When Berg held its first season as an independent chamber orchestra in January 2001, the organizers were well acquainted with what they faced. "The music scene could be described as post-socialist," says Vrabel, who became Berg's conductor and artistic director. "Audiences rejected anything that was a bit more avant-garde, and many musicians looked at contemporary music with total disrespect. We had to learn how to live in freedom."

Concomitantly, Vrábel is a guest conductor at the National Theater in Prague.

Collaborations
Collaboration is central to Berg Orchestra. International composers with whom the orchestra has closely worked include Heiner Goebbels, Fausto Romitelli, Lera Auerbach and many others, along with such renowned Czech figures as Marek Kopelent and Martin Klusák.
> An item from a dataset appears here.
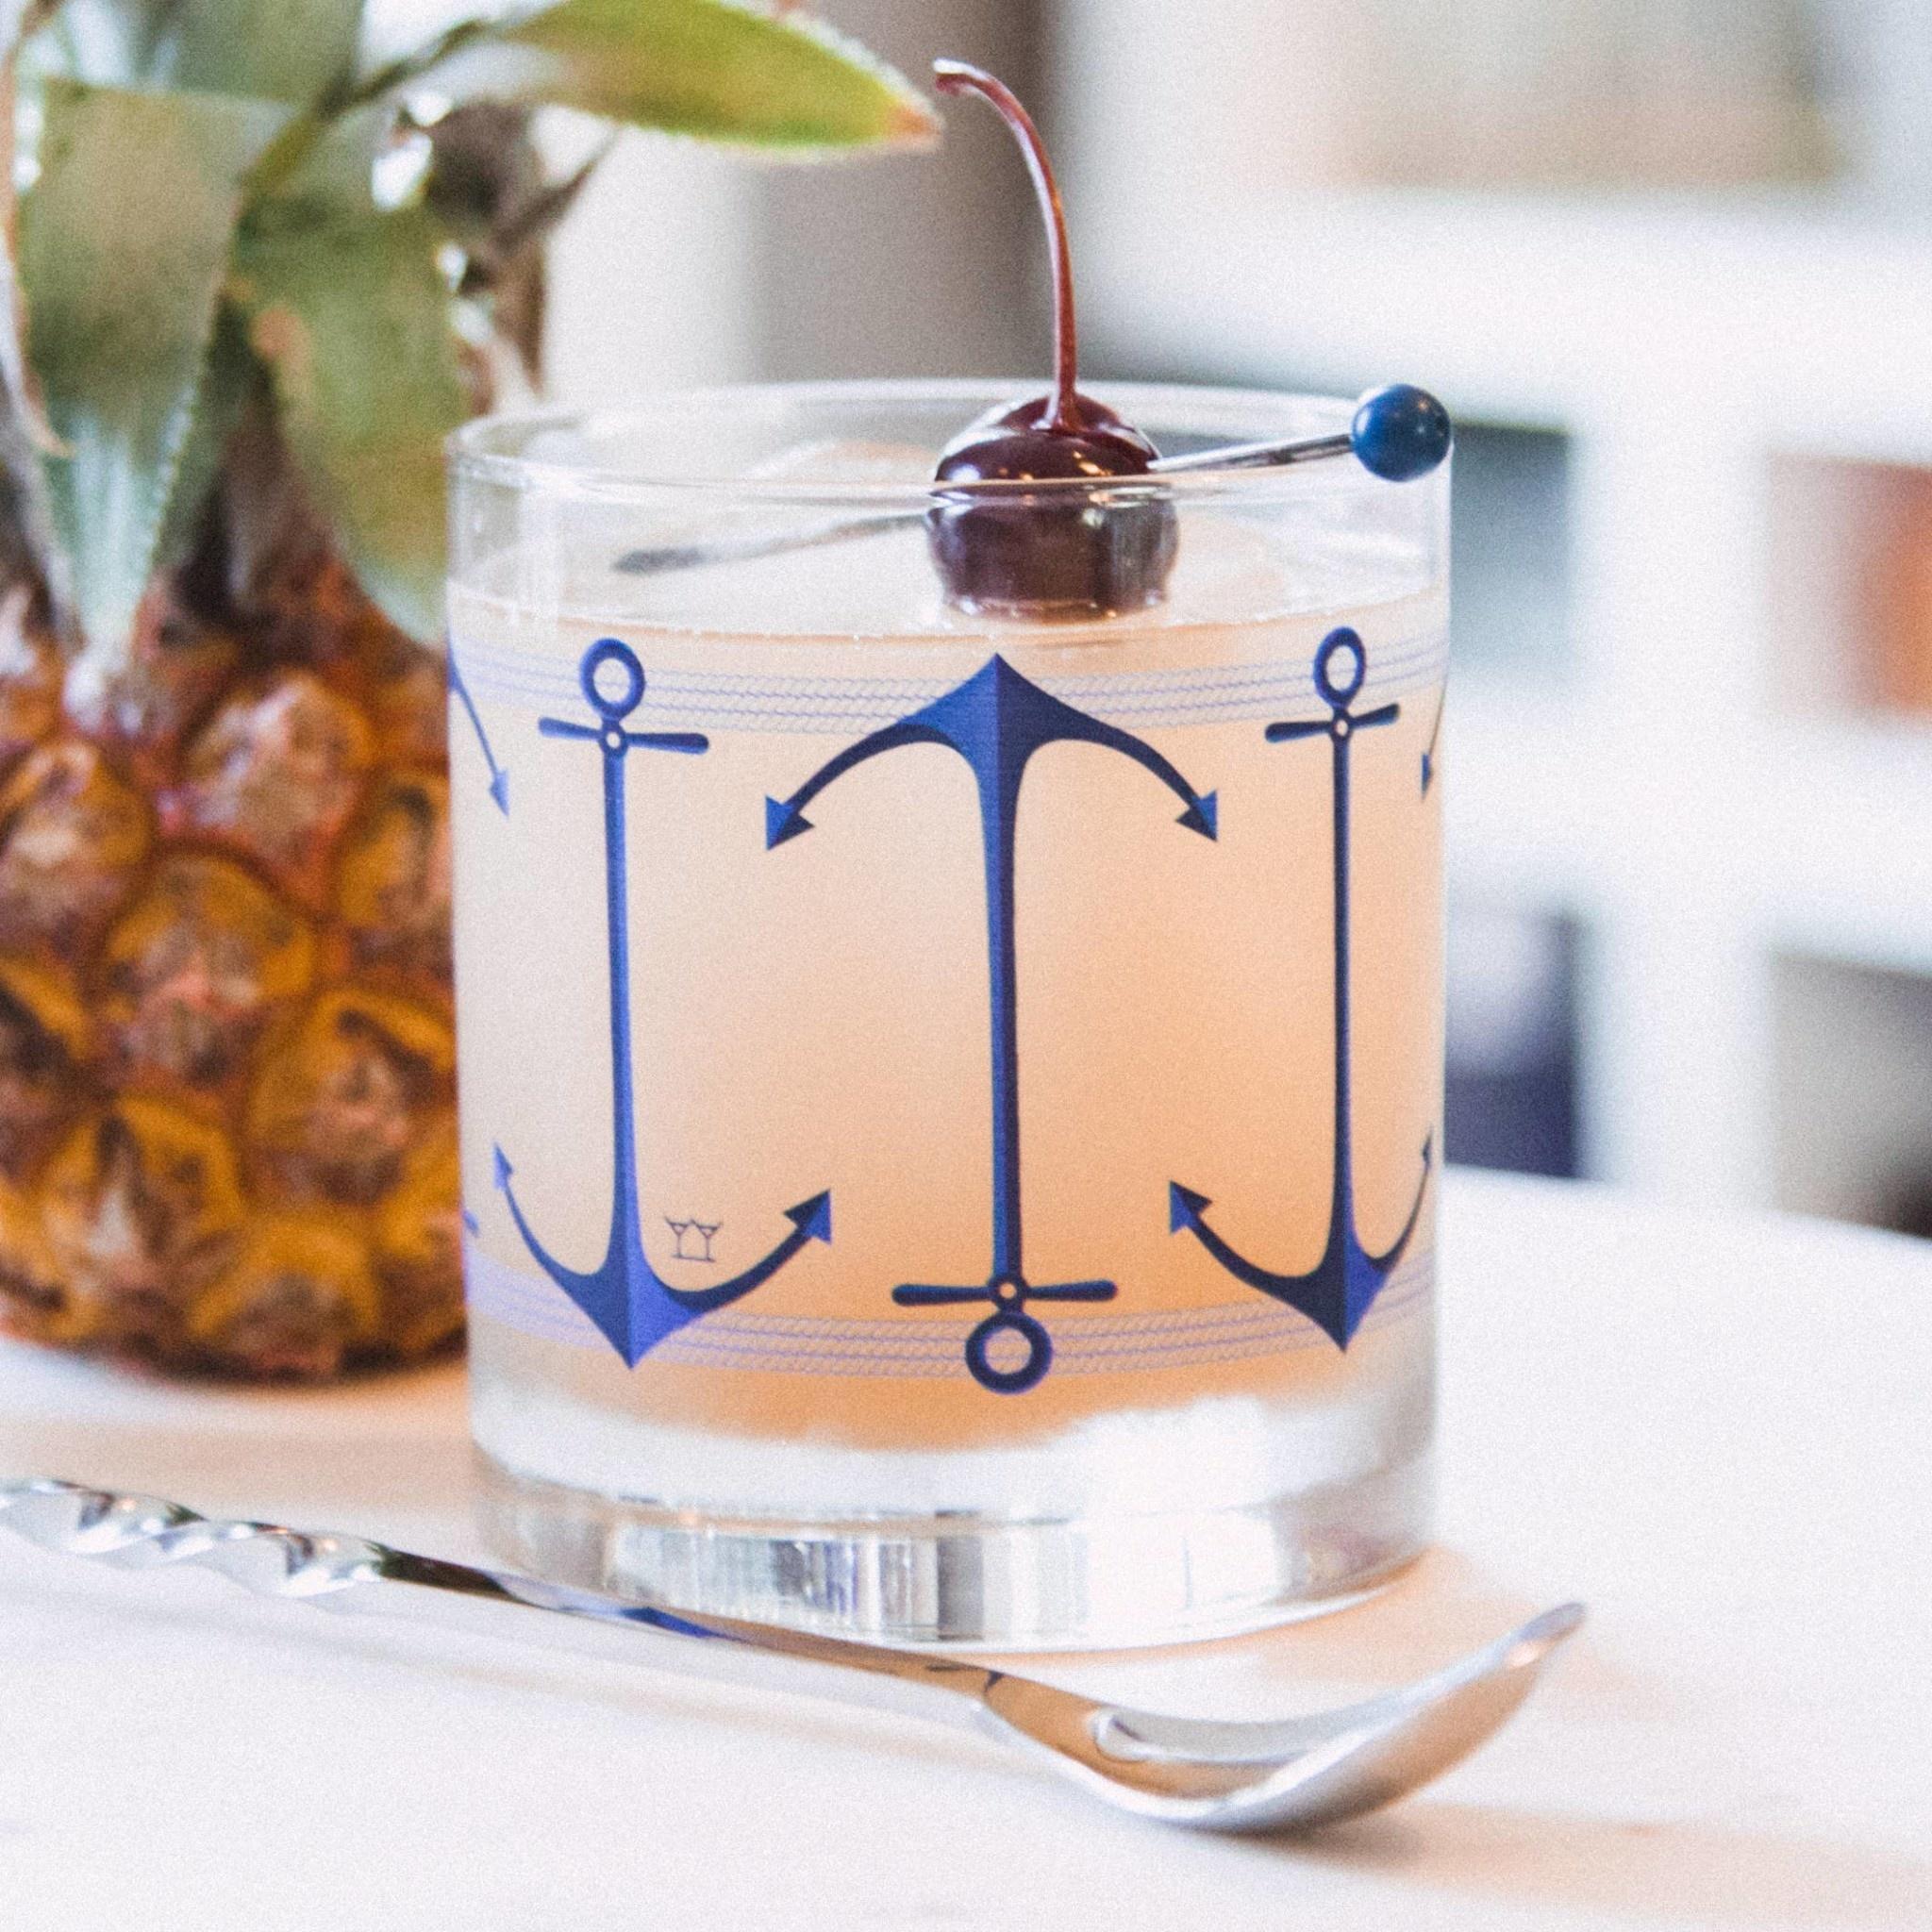 The Modern Home Bar MHB HG - Anchors Aweigh Rocks Glass

The orchestra enjoys a longstanding collaborative association with the Spitfire dance theatre company. In 2018, Berg Orchestra collaborated on the world premiere of the Tiger Lillies' Bohemian Nights show in Prague.

Films
In 2009, at the Spanish Synagogue in Prague, Berg premiered Jan Dušek's incidental music for E. Mason Hopper's 1922 silent film Hungry Hearts.

Nuberg Award
The Nuberg competition, established in 2006, selects winners from among the newly composed work commissioned by the orchestra during the previous year. Given the short lifespan of individual concerts, it is another means of providing young composers with valuable and generally hard-to-find exposure.
The competition gives out one Nuberg Award per year. The jury consists of distinguished figures from the international contemporary music world who, according to Vrábel, are entirely from outside the Czech Republic, and not only for the objectivity they provide. "It’s also for the young composers to have feedback from the international music scene," he told Česká pozice.
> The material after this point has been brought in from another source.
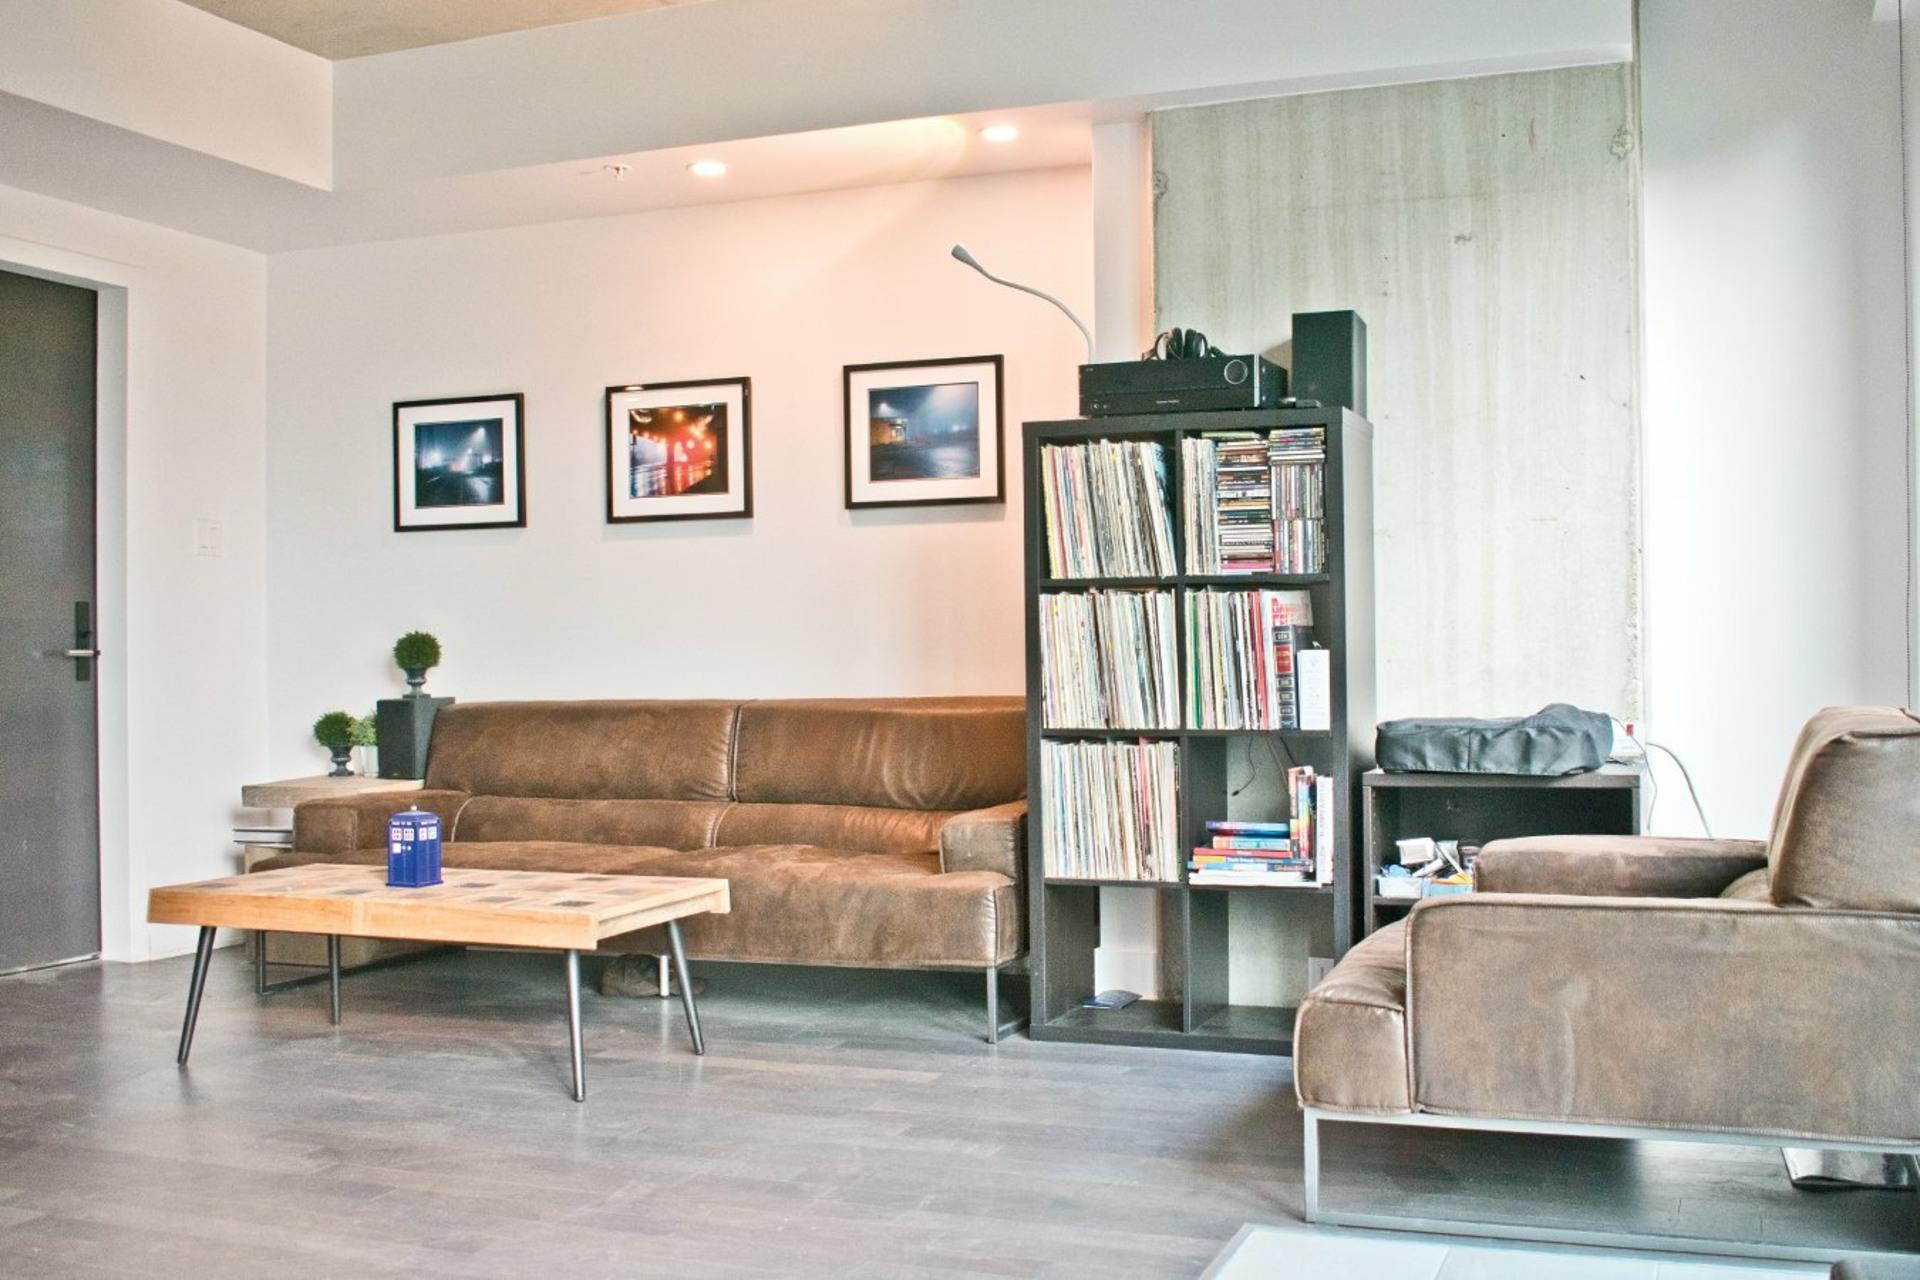 image 3 - Appartement À vendre Le Sud-Ouest Montréal  - 6 pièces

Outside awards and recognition
Peter Vrábel is a Gideon Klein Prize holder. In 2010, Vrábel and Berg Orchestra were commended for artistic excellence and the promotion of Czech music by the Czech section of the International Music Council of UNESCO.

References

Further reading
 Matz, M., "Two Composers on Two Strings", Opus Osm, 2013.
 Volynsky, M., "Raketon - a myriad of sounds on two strings", Radio Prague, Aug 26, 2014.
 Studený, I., "Signatura Berg - šest stop komorního orchestru", Czech Radio, Jan 18, 2016.
 Jiroušek, M., "Svatováclavský hudební festival uvidí němý film, hudbu zahraje orchestr", iDNES.cz, Sep 16, 2015.
 Havlíková, H., "Splněný slib Orchestru Berg i ostravská premiéra Donizettiho opery Robert Devereux", Lidové noviny, Dec 15, 2015.

External links

 Official website
 Fliegerová, A. R., "A Hundred Metronomes"—Berg Orchestra performances and interviews (vid.), Česká televize, Dec 12, 2014.
 Czech Museum of Music, Premiere of Jan Šikl's On Meaning of Things (vid.), Jun 11, 2012.
 Sander, F., Berg Orchestra concert at Petřiny Metro Station, Prague (vid.), Vimeo, May 5, 2014.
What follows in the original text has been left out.